Easy Egg Drop Soup


We probably should have spent the weekend doing things in the house, but I had a 10 year high reunion to get to…plus, I wanted to visit my parents to celebrate my b-day.


I made a quick meal from the pantry/freezer – egg drop soup (mom’s recipe) and thai veggie dumplings (from the frozen food aisle in Trader Joe’s)
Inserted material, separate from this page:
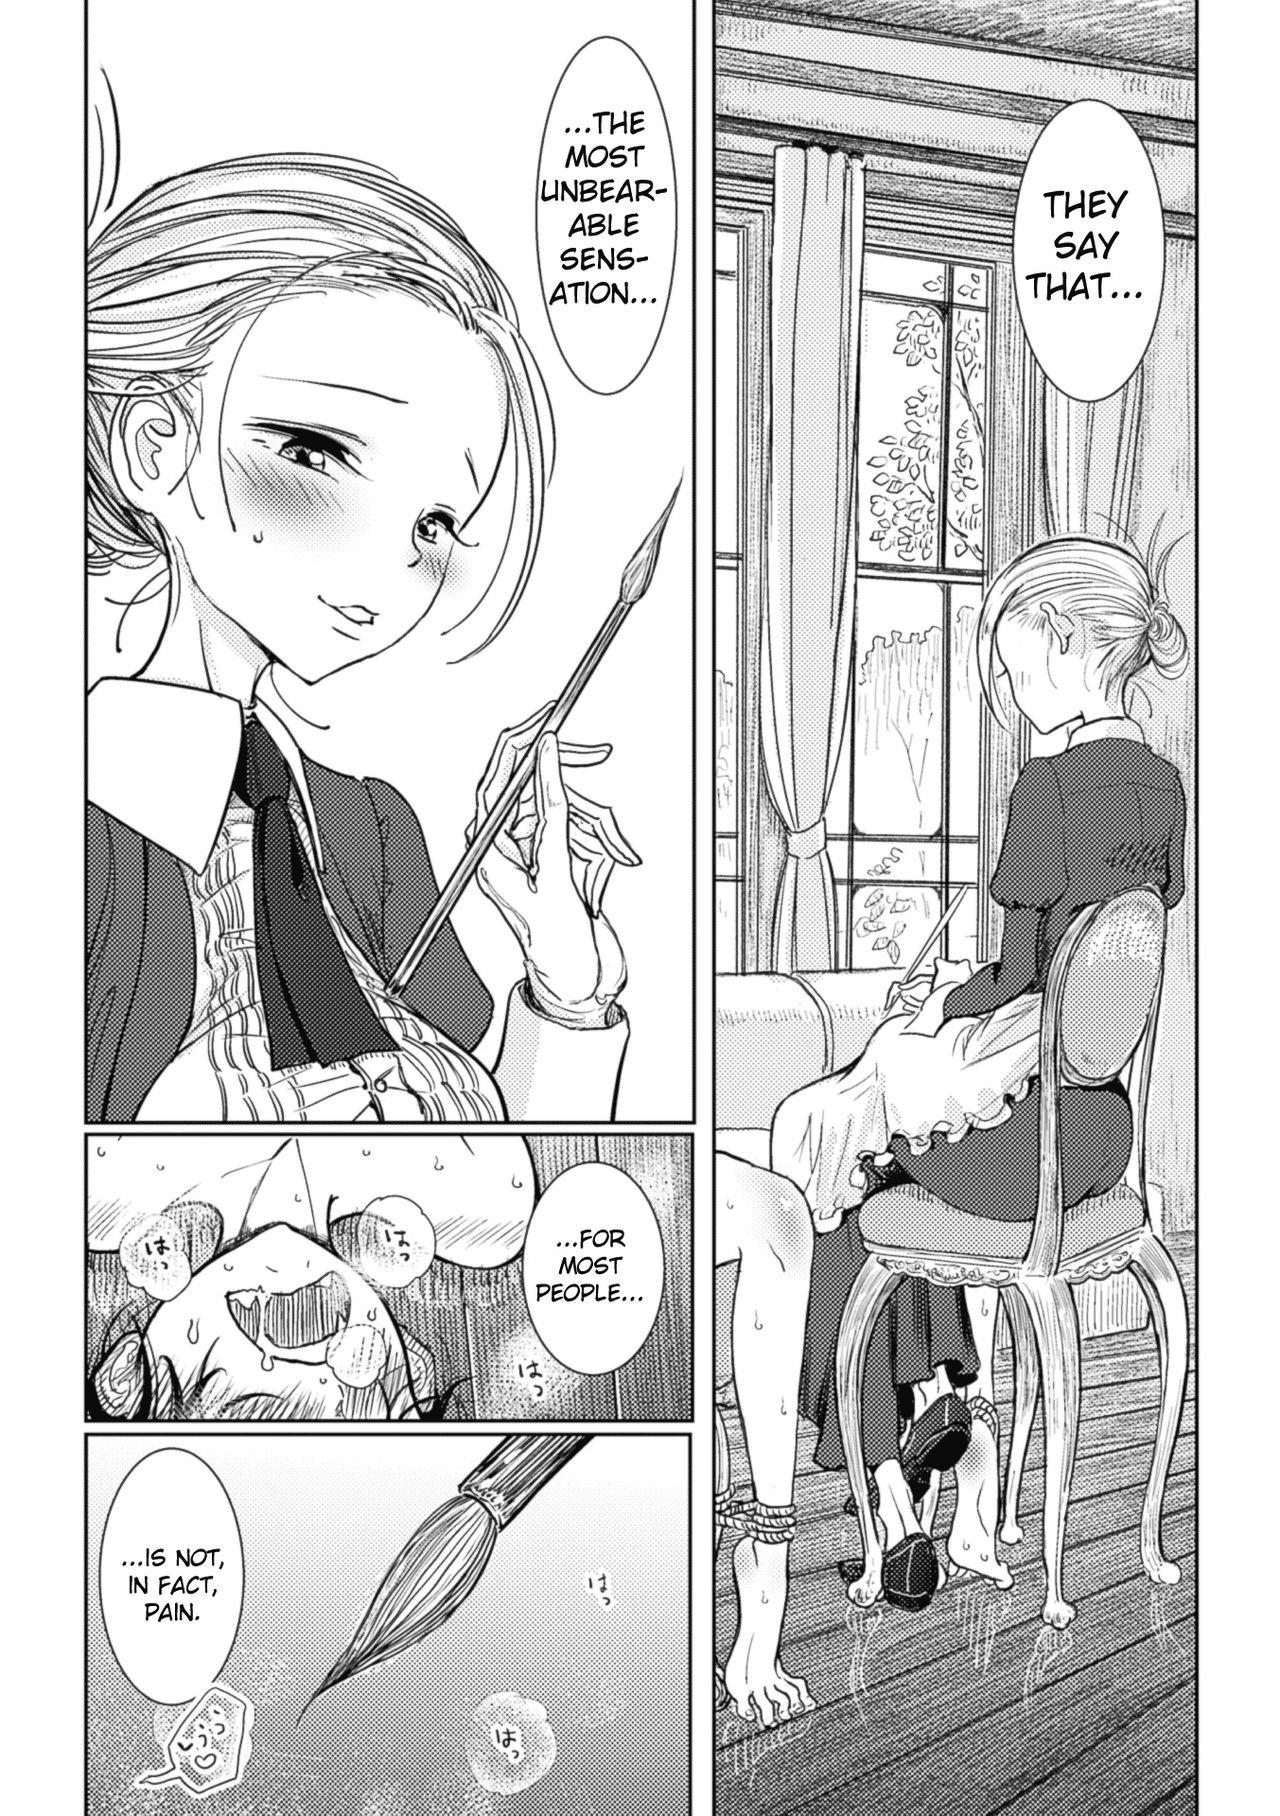 Puba Hatsujou to Choukyou no Aida | During Mating and Training Ch. 2 Load - Page 3
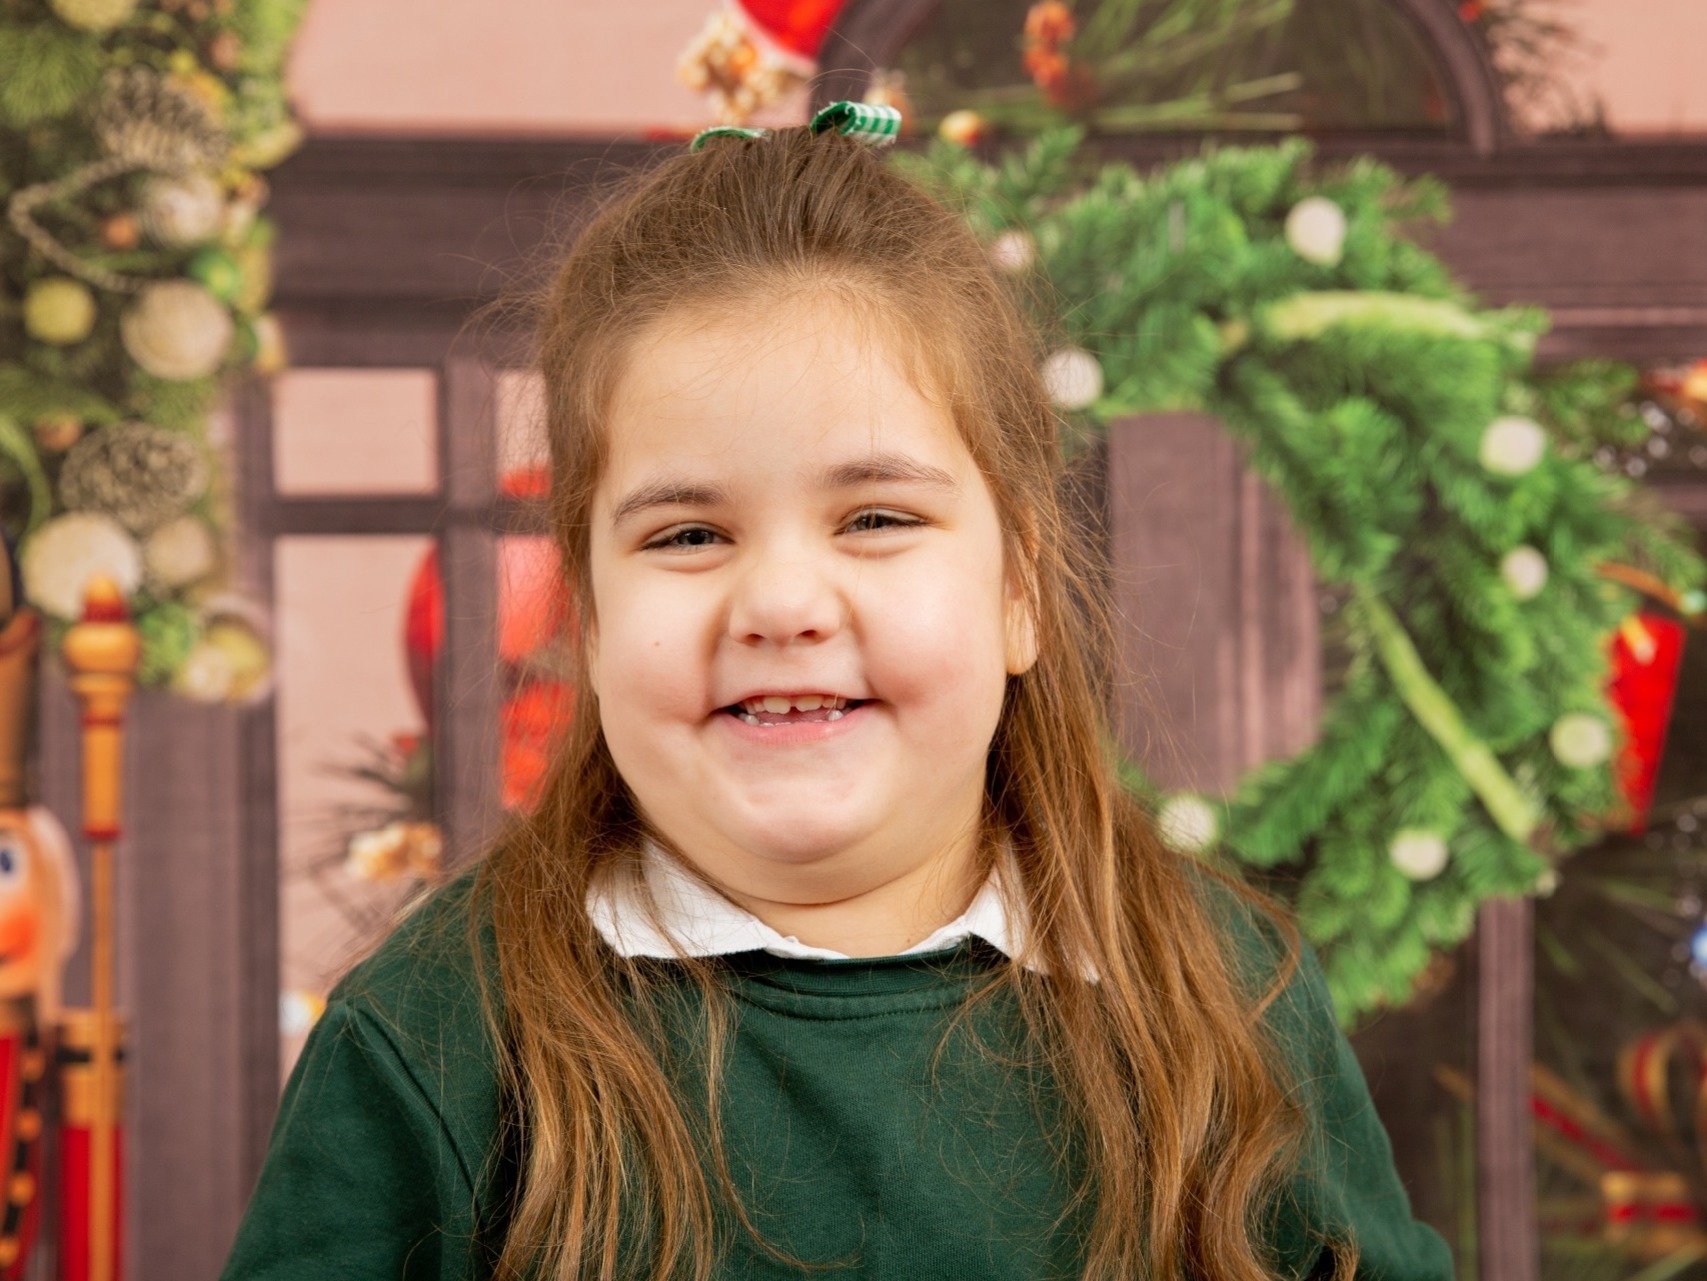 Gorgeous young girl with special needs having some festive fun in a formal Christmas portrait

I love these style soup spoons for my Asian-style meals.

Egg Drop Soup
by mom
serves 1


  • 1 can chicken broth
  • 1 egg
  • 1 tsp corn starch
  • 1-2 tbsp water
  • soy sauce


  1. Pour chicken broth into a small pot and bring to a boil over medium heat.
  2. Break egg into a small bowl and whisk with a fork until blended (as though you were going to make scrambled eggs)
  3. Mix corn starch with a bit of water, enough to dissolve corn starch, and set aside.
  4. When broth starts to boil, add the corn starch mixture to the pot and stir.
  5. Bring to boil again. Once boiling, pour a bit of the egg mixture (about 3-4 tbsp worth) into the boiling broth and gently whisk with your fork to create strands of cooked egg in the broth. Continue to pour a bit of the egg and gently and very lightly pass the fork through the egg so it doesn’t clump up. Repeat this until all the egg mixture is gone.
  6. Pour soup into a bowl, season with soy sauce to taste, and enjoy!